## Work task:
As written and without pictures, set down the lines from the one that contains "Www.drofa.ru биология 6 класс" through the end of the data.

Data excerpts
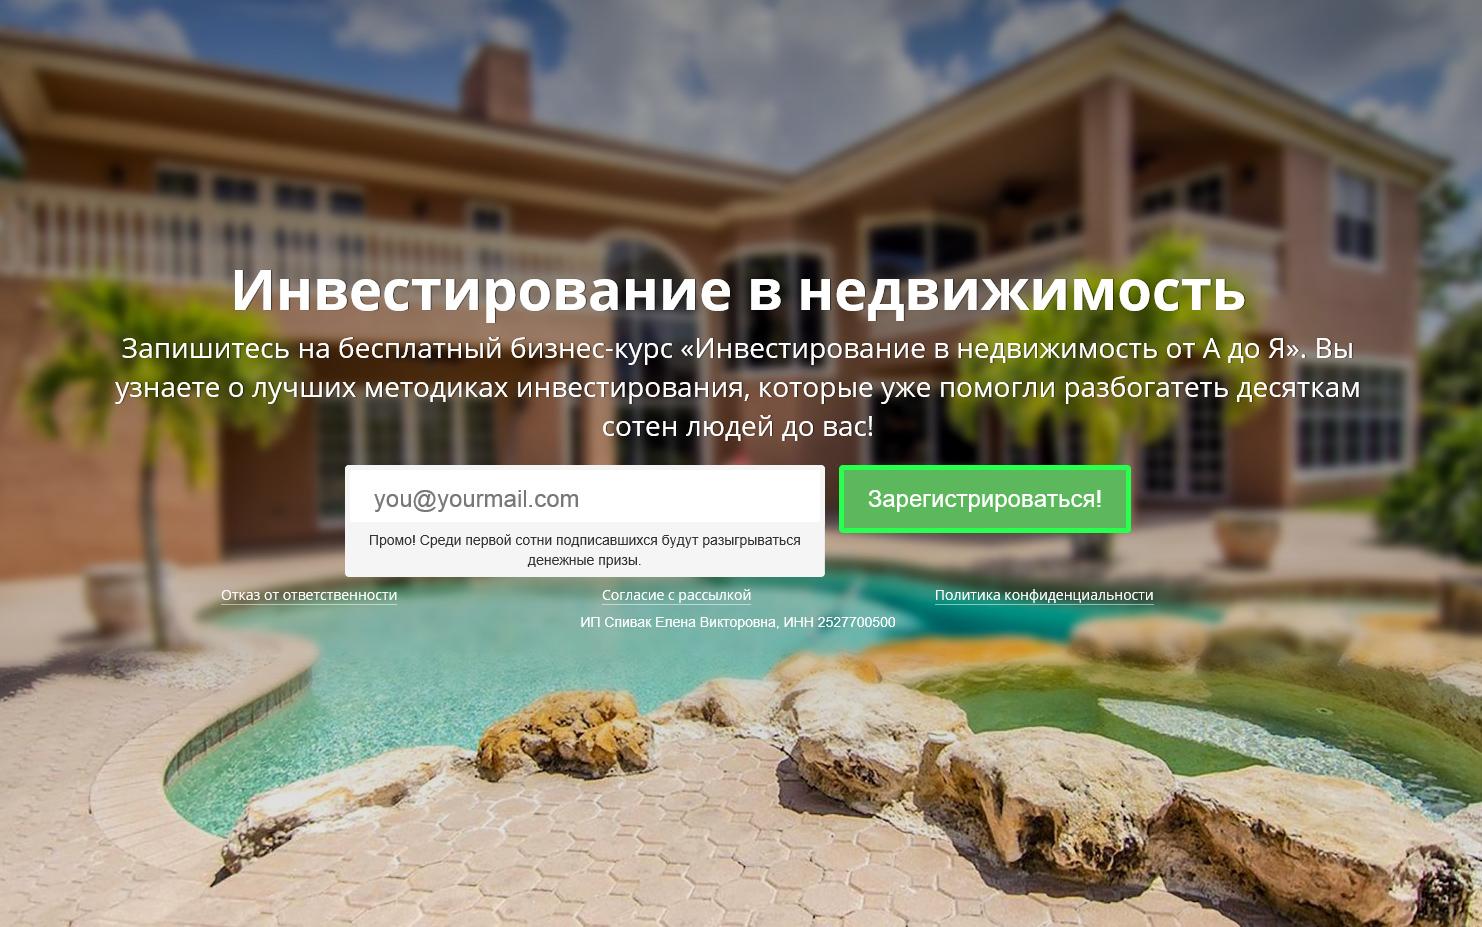 Исправляем страницу подписки «Инвестирование в недвижимость» для Елены Спивак
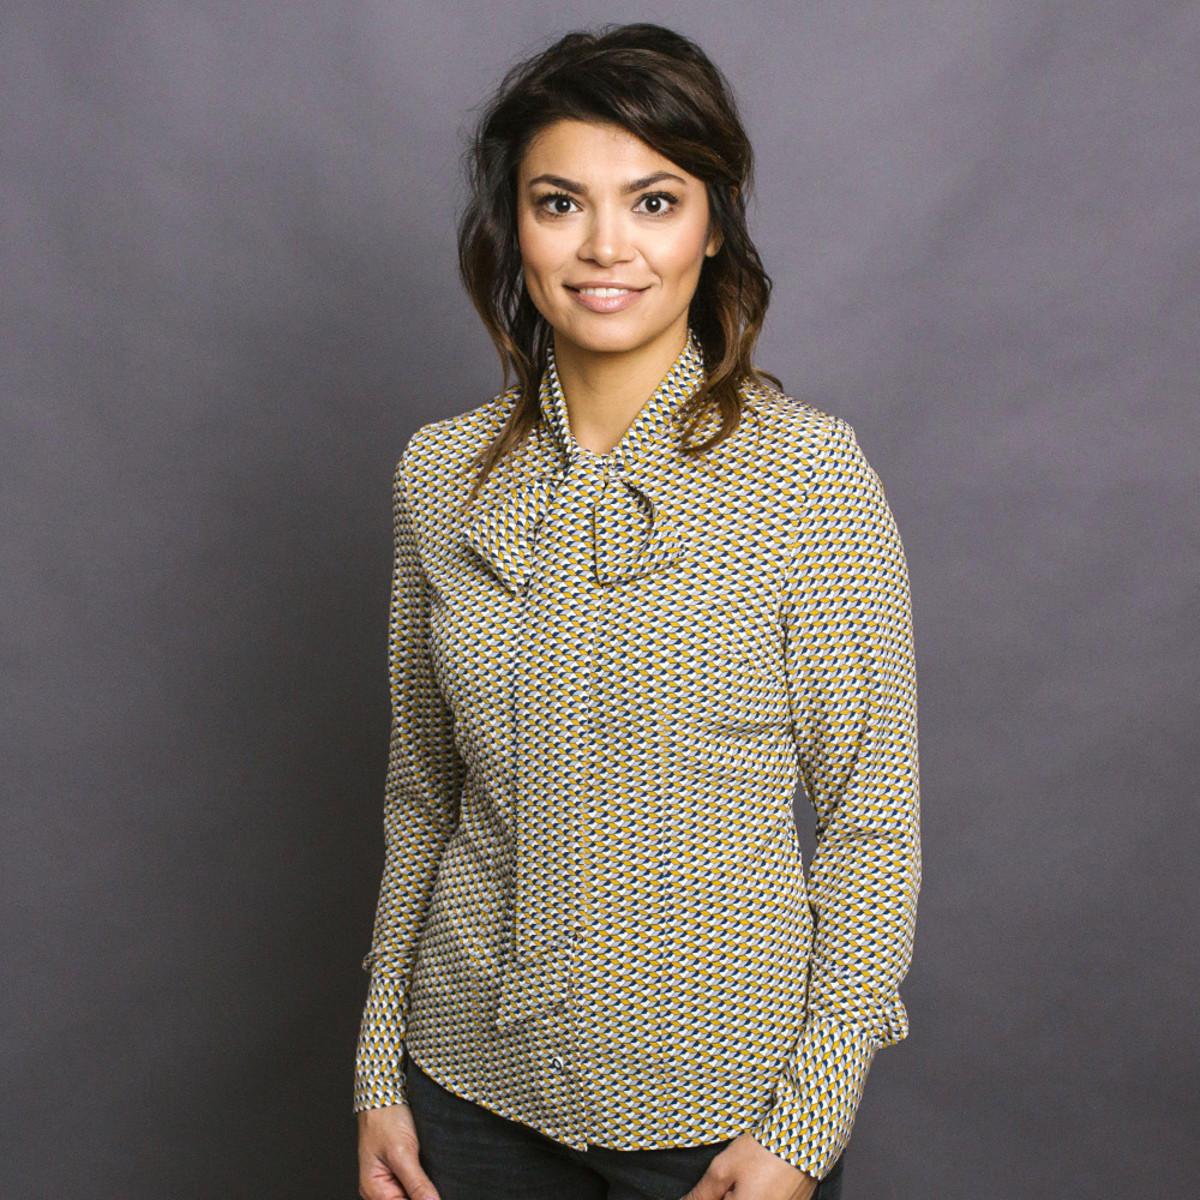 Dámska košeľa Willsoor 8738 s geometrickými vzory a saténovým vzhľadom 42
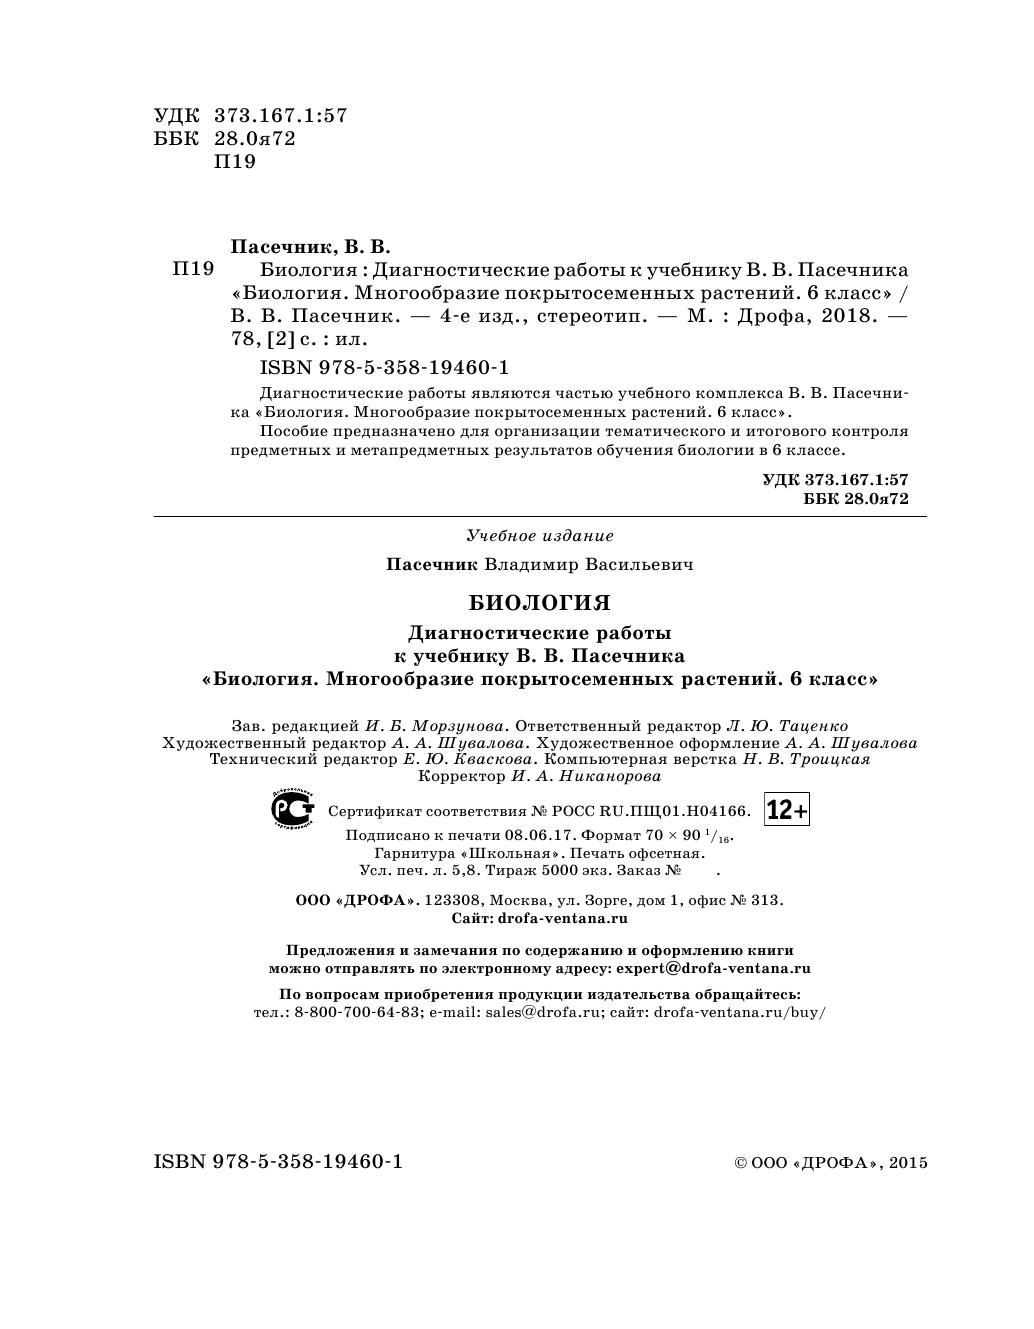 Www.drofa.ru биология 6 класс
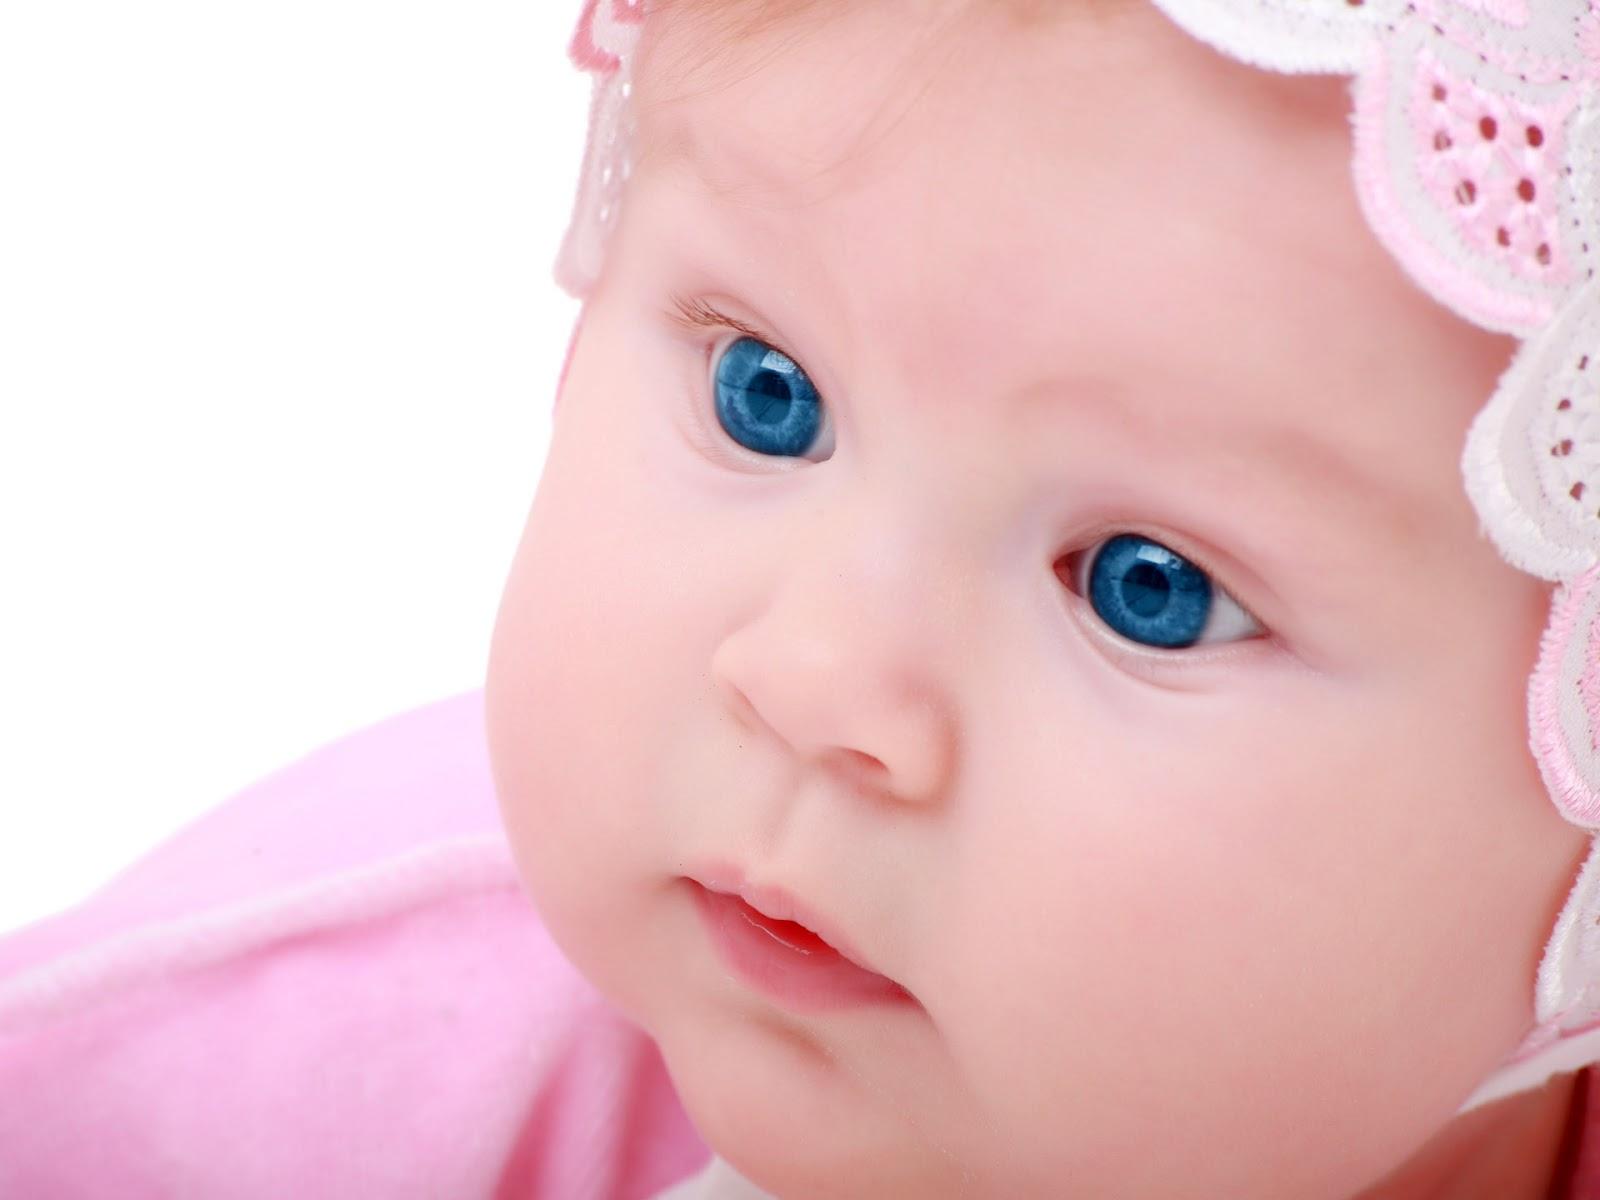 HD Desktop Wallpapers Free Online: Baby
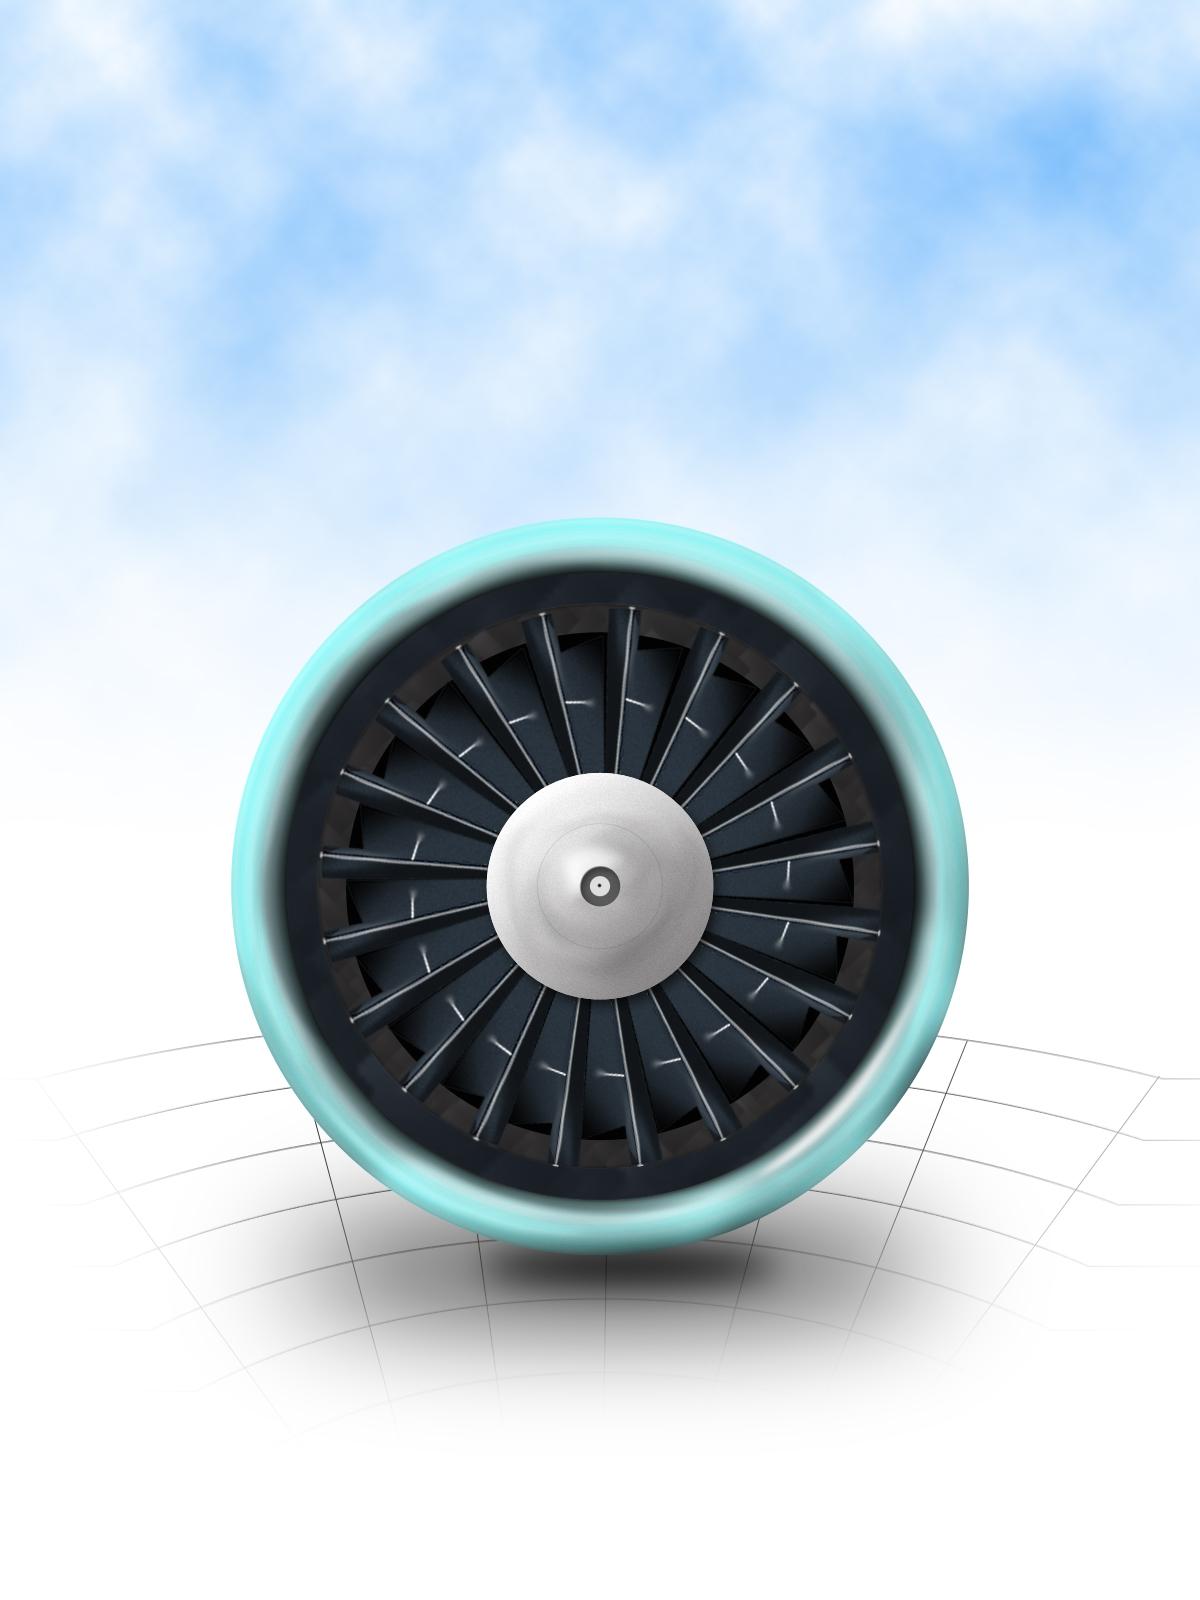 临摹追波上一个飞机引擎的图标

## Expected answer:
 Www.drofa.ru биология 6 класс
 HD Desktop Wallpapers Free Online: Baby
 临摹追波上一个飞机引擎的图标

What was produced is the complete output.